Pacific Cataract and Laser Institute optometrists Brooks Alldredge, OD, and Kerri Norris, OD, FAAO, discuss comanagement of cataract, refractive, glaucoma and corneal surgical cases, including surgical concepts and postoperative complications. The authors report no financial disclosures.

BLOG: Three questions to ask before the consult

“What’s the very first thing you want to know before you are about to see a new patient referred for cataract surgery?”

That’s often the first question we ask our student externs on the first day of their rotation at Pacific Cataract and Laser Institute.

Our practice has long been a learning site for externs and residents as well as experienced optometrists and even optometry school faculty. No matter their program – externship, residency or fellowship – we teach them as though they are newly hired doctors at our practice, soon to be responsible for important decisions.

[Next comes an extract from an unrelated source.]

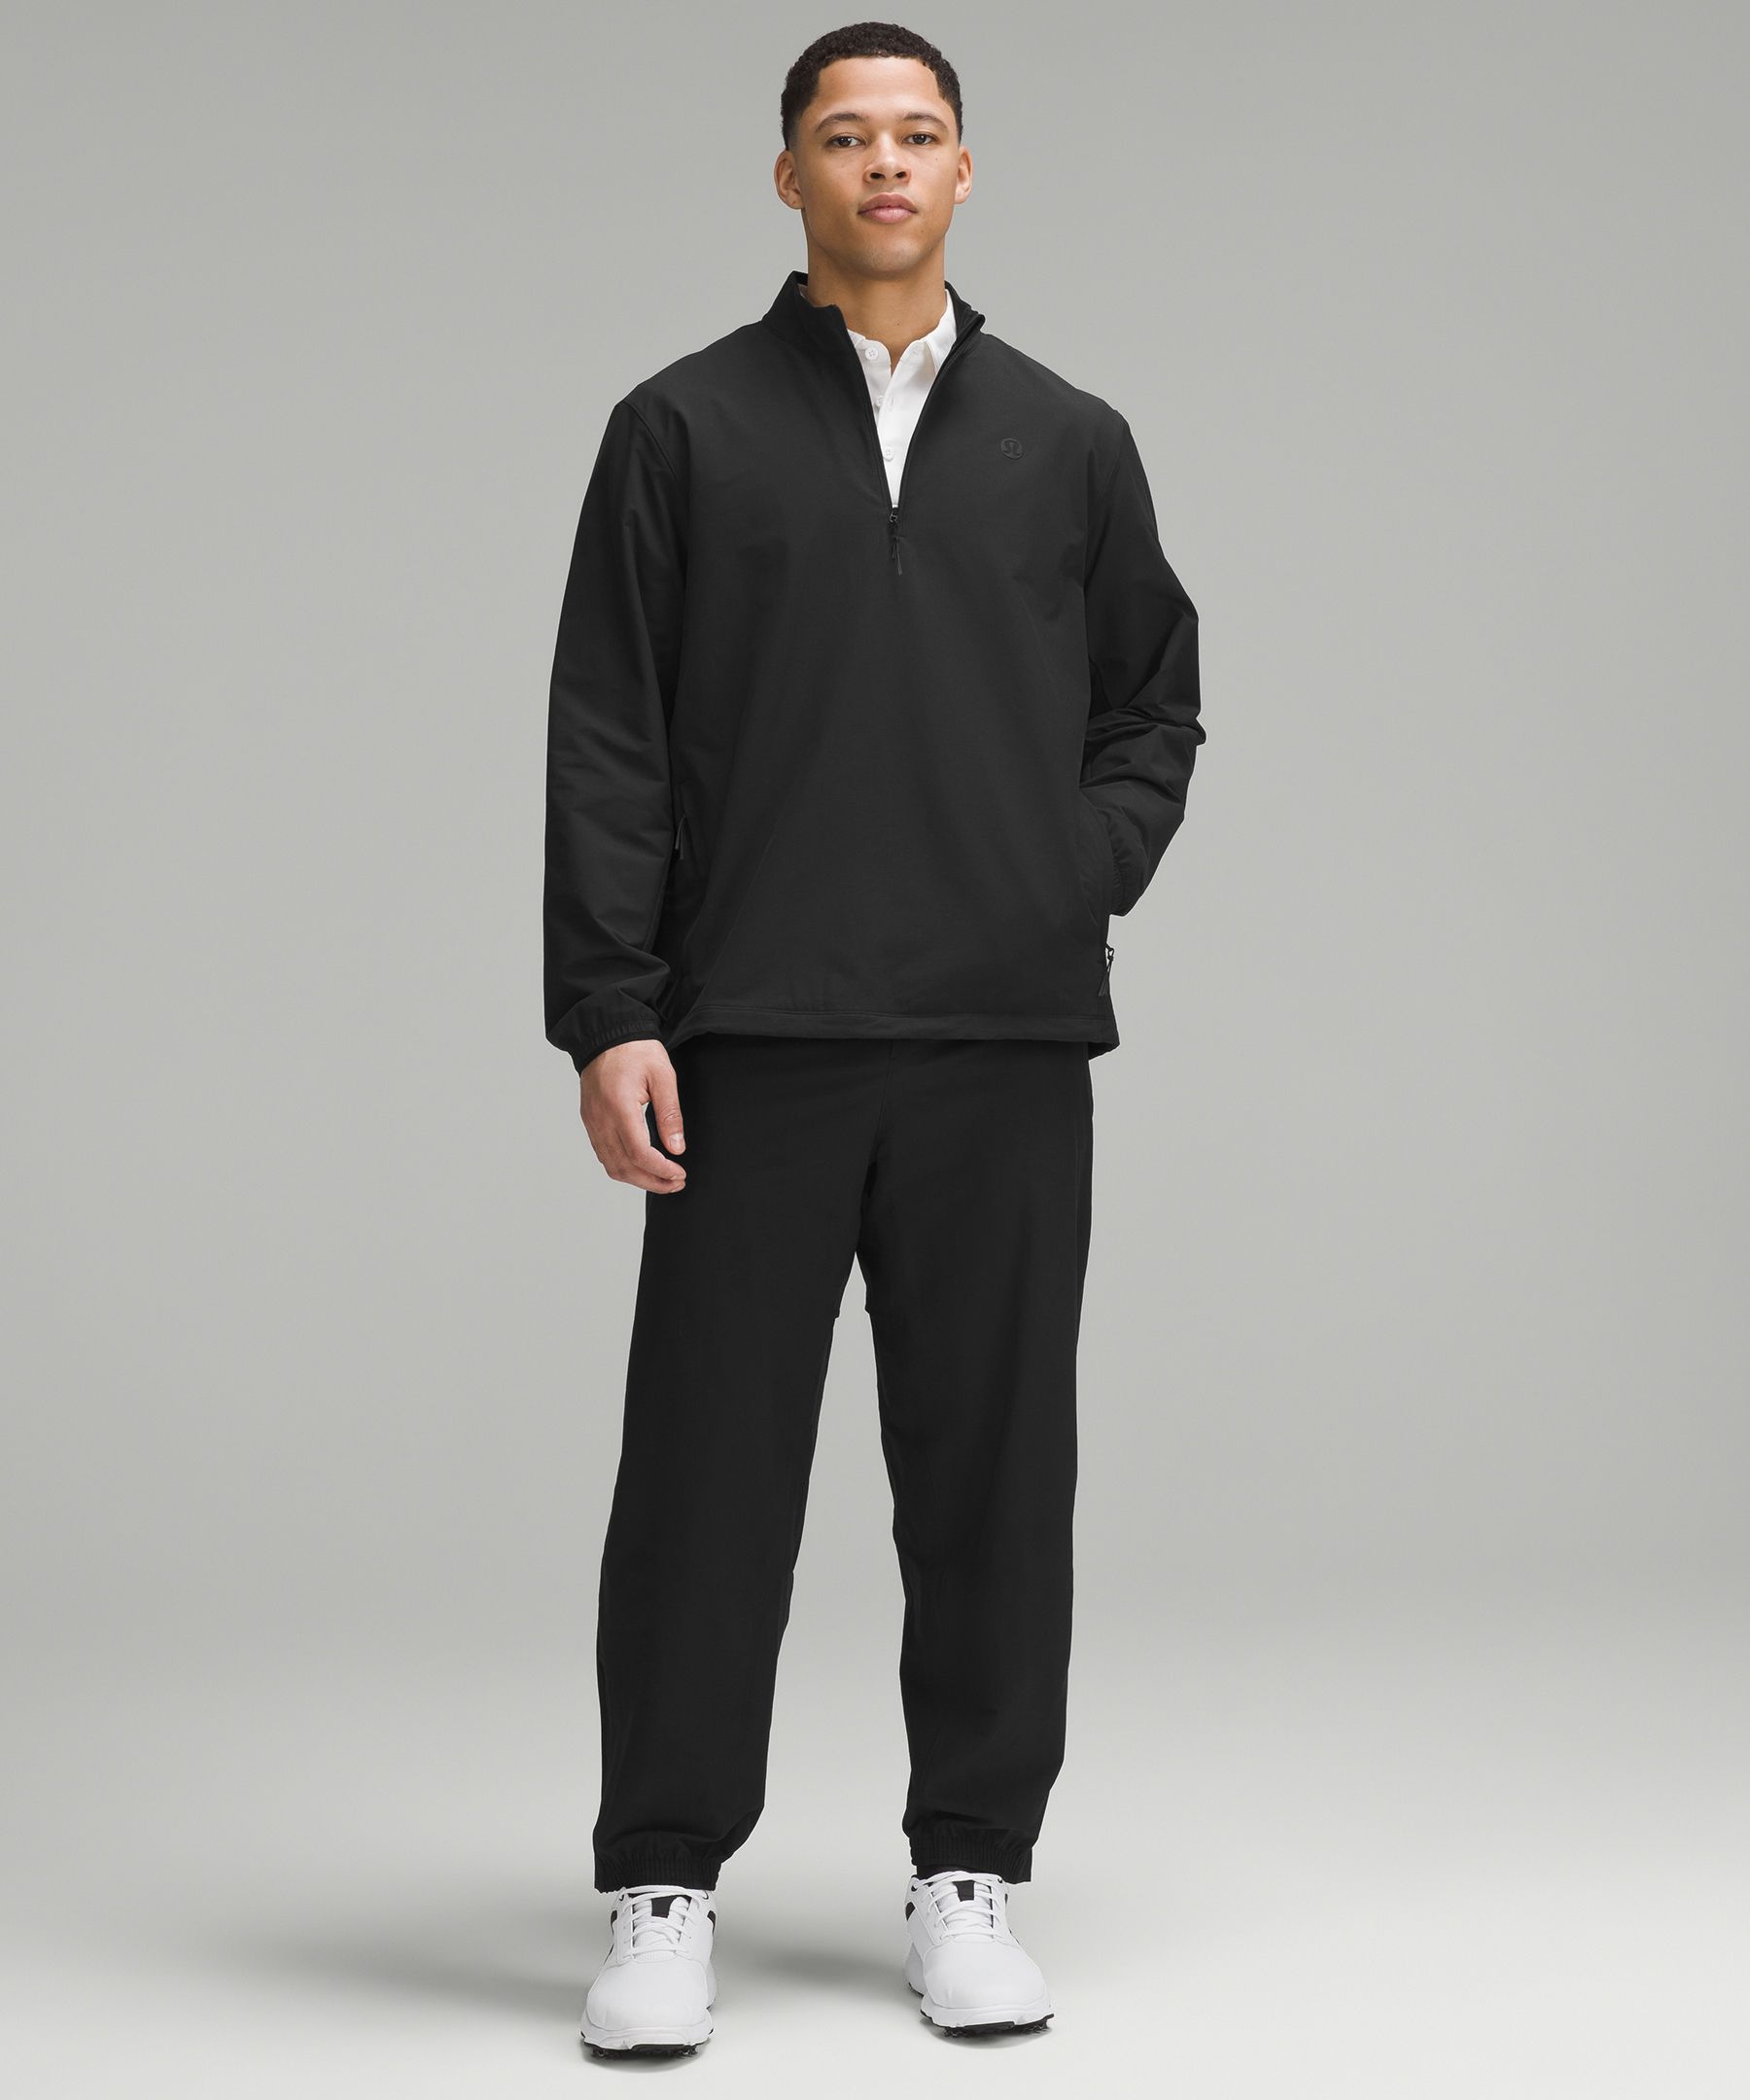 Golf Half-Zip Windbreaker | Men's Hoodies & Sweatshirts

What’s the surgery plan? What type and power of IOL will be used? Which eye first, and why? Are there co-existing problems that may lead to a complication or prevent a good outcome? If so, do those need to be addressed first? Do additional pre- or postop medicines need to be prescribed? Perhaps most important, should we even do surgery at all?

And while very few will ever have careers at a referral-only medical and surgical optometric comanagement center like PCLI, we want them to thoroughly understand how our responsibilities and roles are different compared to optometrists in primary care.

By the time we ask that question, our patients have been thoroughly quizzed, measured, examined and counseled by highly trained technicians, and it’s all documented in the electronic health record. Calculations of the power of several types of IOLs that will correct that patient’s eyes are complete. What’s left for the optometrist to ask? Plenty.

The answer that most externs give to that question is usually intelligent and thoughtful, if understandably hesitating and quiet: What’s their chief complaint? Which eye is bothering them the most? Have they had prior eye problems or surgery?

All good answers. But this is the answer: What is it that their referring doctor wants us to do?

We look at the referral first, before anything else. We know our referring doctors well individually, their specific preferences, and the meaning of what is included or not included in both their written and spoken communications. What has the referring doctor told the patient about their condition and any other problems that can limit vision after surgery? Have toric or multifocal IOL options been discussed and decided on? Has a target postop refractive error been determined? Which eye will be treated first, and when will the second eye be scheduled?